March 2024
tl;dr: A neural simulator with disentangled latent space, based on GAN encoder and RNN-style dynamics model.
DriveGAN uses a VAE to map pixels into a latent space. GAN-style adversarial training is used to train the VAE, thus the name driveGAN.
The proposed architecture is a very general one for a world model, actually very similar to more recent works such as GAIA-1 and Genie. The original World Model by Schmidhuber is also based on VAE and RNN. Over the years, the encoder/decoder can evolved from VAE + GAN to VQ-VAE + diffusion model, and the dynamics model evolved from RNN to Transformer-based GPT-like next-token prediction. It is interesting to see how new techniques shine in the relatively old (although only two-year old) framework. Two advances: more powerful and scalable modules and much much more data.

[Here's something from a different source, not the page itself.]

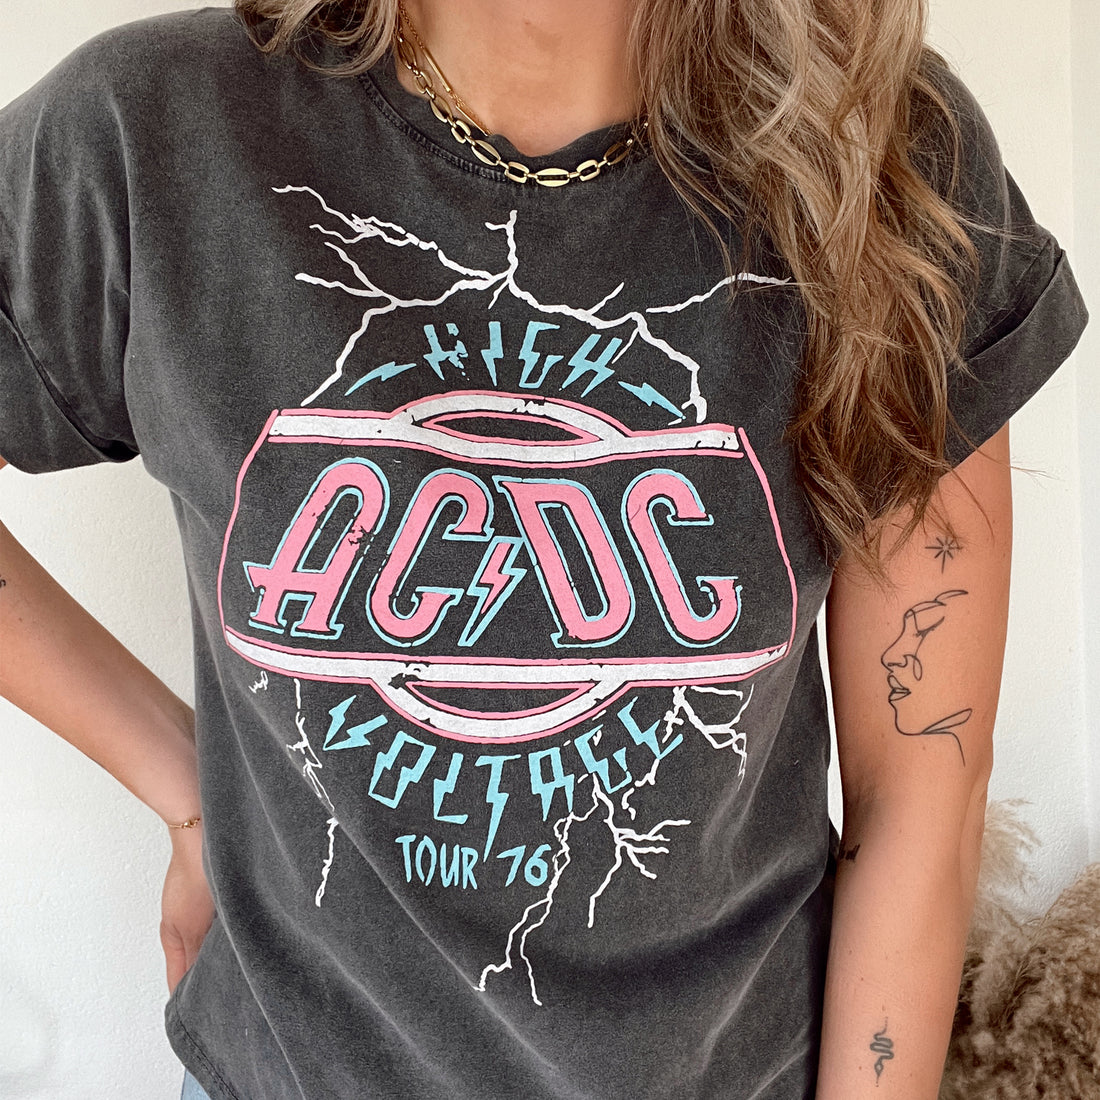 Voltage AC/DC tee washed black. Zwart gewassen oversized t-shirt met AC/DC print. Het t-shirt heeft een oversized fit en is te dragen t/m maat XL. Materiaal van het t-shirt is 100% katoen.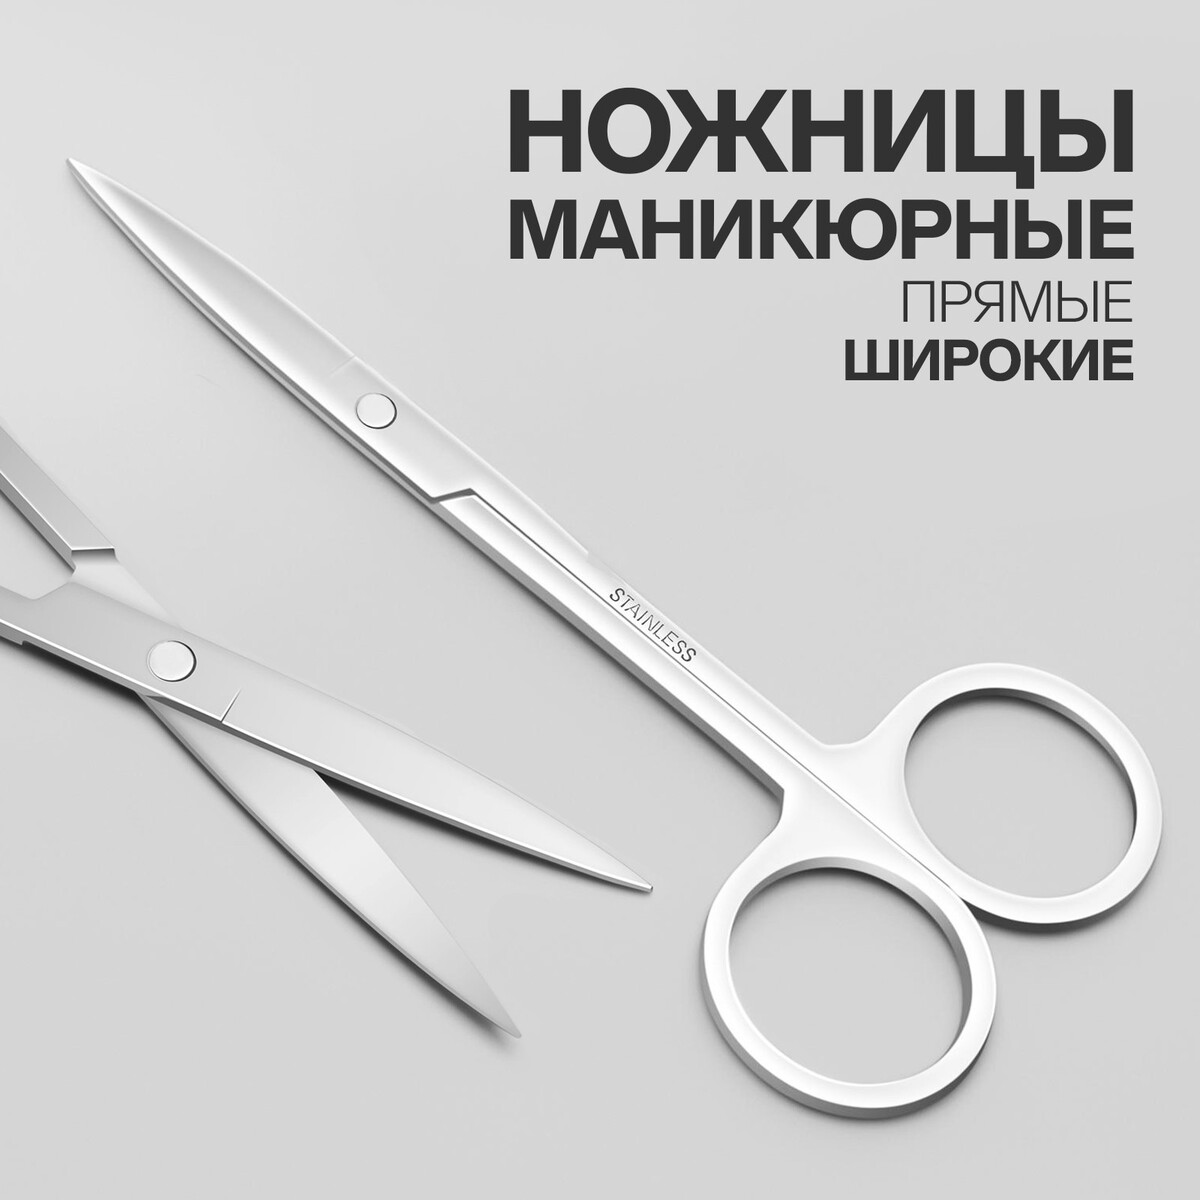 Ножницы маникюрные, прямые, широкие, 12 см, цвет серебристый ножницы маникюрные широкие прямые 10 см матовый

The main innovation of the paper is the disentanglement of latent space representation into spatial-agnostic theme and spatial-aware contents in encoding stage, and further disentange content action-dependent and action-independent in dynamics engine.
The controllability of driveGAN is achieved via careful architecture design. More modern and scalable approach relies on scalability and more unified interfaces (e.g. natural langauge).
Action of the agent is recovered by training another model, and then used to reproduce the scene. This is similar to the idea of VPT. In a way, it verifies the controllability and geometric consistency of the simulation.
The paper has very nice discussion regarding what a neural simulator should look like. First, generation has to be realistic, and second, they need to be failthful to the action sequence used to produce them.